Prayer is Complicated

I find prayer the most tedious and overly complicated of the spiritual disciplines.  Every Monday morning at 9am there’s a standing appointment on my calendar: “Team Prayer”.   One of my co-workers wanted to encourage the team by gathering together to pray at the start to the week.  As the time rolls around to pray they start poking their head into offices and cubes to invite everyone to join.  A noble practice I dislike.  Being a Christian working for a Christian organization I feel obligated.  It’s not the peaceful moment of repose it should be for me.  At that point it’s a disruption in my day as I had been working for several hours by that point.  I resent them for making me participate yet despise myself for not wanting to be there.  Questions roll through my mind as I head back to my office.  Why does this have to be so complicated? Am I a good Christian?

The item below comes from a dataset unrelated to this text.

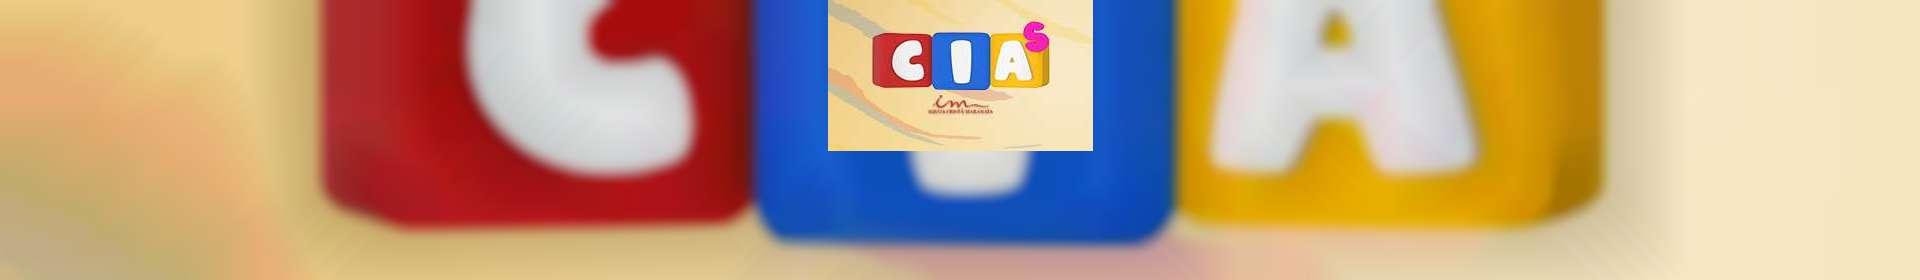 Aula de CIAS: classe de 3 a 7 anos - 02 de abril de 2020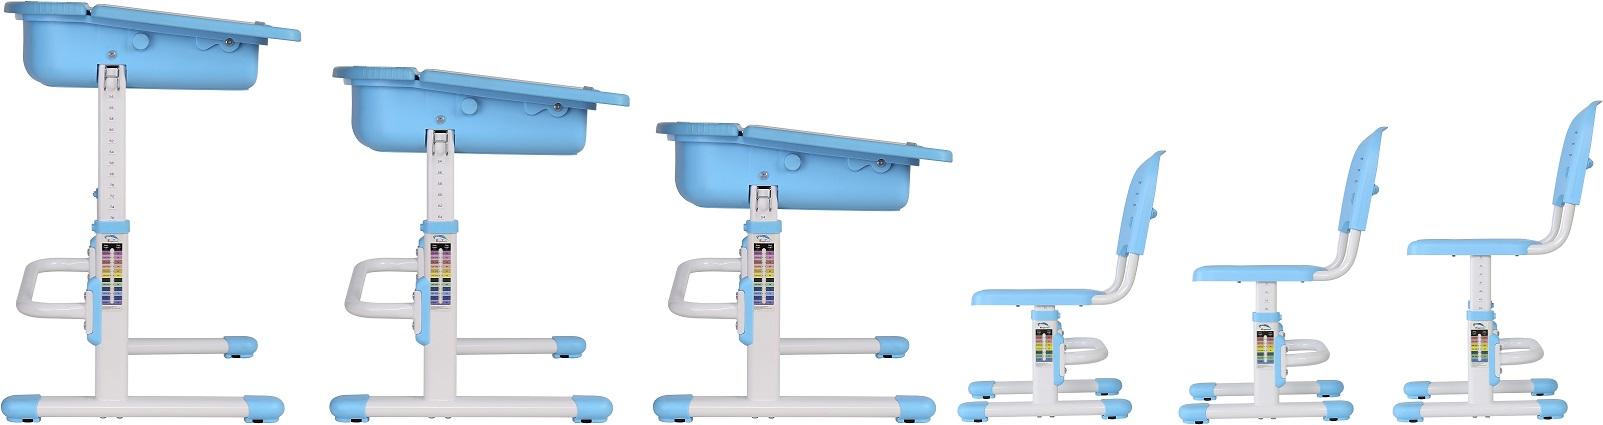 שולחן וכסא מתכווננים לילדים בגיל בית הספר צבע ורוד BIG BOSS C360 - תמונה 5

Think about it for a minute.  How many Christians really LOVE to pray?  Very few I’d guess.  It’s socially awkward.  Get a group of Christians together and ask if there are any volunteers for prayer and immediately it’s like you’re back in high school.  All eyes hit the floor so they don’t make eye contact with the leader and won’t get volunteered.  After several minutes a lone hand will typically raise or as the leader you’ll just get frustrated and do it yourself.  We all have these grandiose visions of eloquent prayer that moves everyone in the room to tears.  And if you’re like me and don’t hear an “Amen” or “mmm hm” from one other person who acknowledges your prayer touched them, you wonder if it was effective.

I’ve never considered myself a good pray-er.  I have these images of Elder Roscoe leading the congregation on his knees with the prayer that never ends as he forgets that we’re all kneeling on stone tile with pain shooting through our kneecaps.  Or it’s Sister Diane who pulls out the written prayer she prepared a week ago that sounds so cold and methodical that it’s hard to take it seriously.  When alone my mind wanders into lists of things that what I’m praying for remind me to do.  “Lord, please help me to be more patient with the boys.  Oh tomorrow’s show and tell, I wonder if the boys have their things together.  Do I have my stuff ready for my meeting?  Crap, I forgot about my meeting…”

There are entire libraries worth of books on prayer; the different parts of a prayer, when, where, whether to kneel or not, etc.  What’s the point really?  Don’t we pray to communicate with God in order to build a relationship?  Then why does it feel so  unnatural?  We’ve been trained to feel guilty if it doesn’t ring with formality.  “Our magnificent and holy father creator God of the universe and time, we humbly come to you in supplication as lambs before the great shepherd longing for your peace and love and infinite grace for us sinners wholly undeserving of your love which you bestowed upon us through the blood of Jesus Christ…” Come on, when was the last time you started a conversation with a friend with “Hello John Smith, father of two beautiful daughters and loyal friend since high school to whom I owe more than words can describe for bailing me out of jail that one time in college…”  Then what if the only time you called John was to ask for help or when you felt overwhelmed by life.  Does God even want that kind of relationship?  That’s the way most of us approach prayer.  What if God’s thinking “Great, it’s John again asking for wisdom and peace going to his presentation.  Why doesn’t he ever just want to talk?”

I prefer to approach prayer like a conversation.  My best prayer comes in the car, out loud, while driving down the road.  Like I have a buddy sitting in the seat next to me.  It’s not filled with exaltation, adoration, and supplication.  It’s about what’s on my heart and my mind.  It’s just talking it out with a really good listener.  I picture David doing that, sitting in the cave by himself.  It’s no complicated that way.  It’s natural.  It’s personal.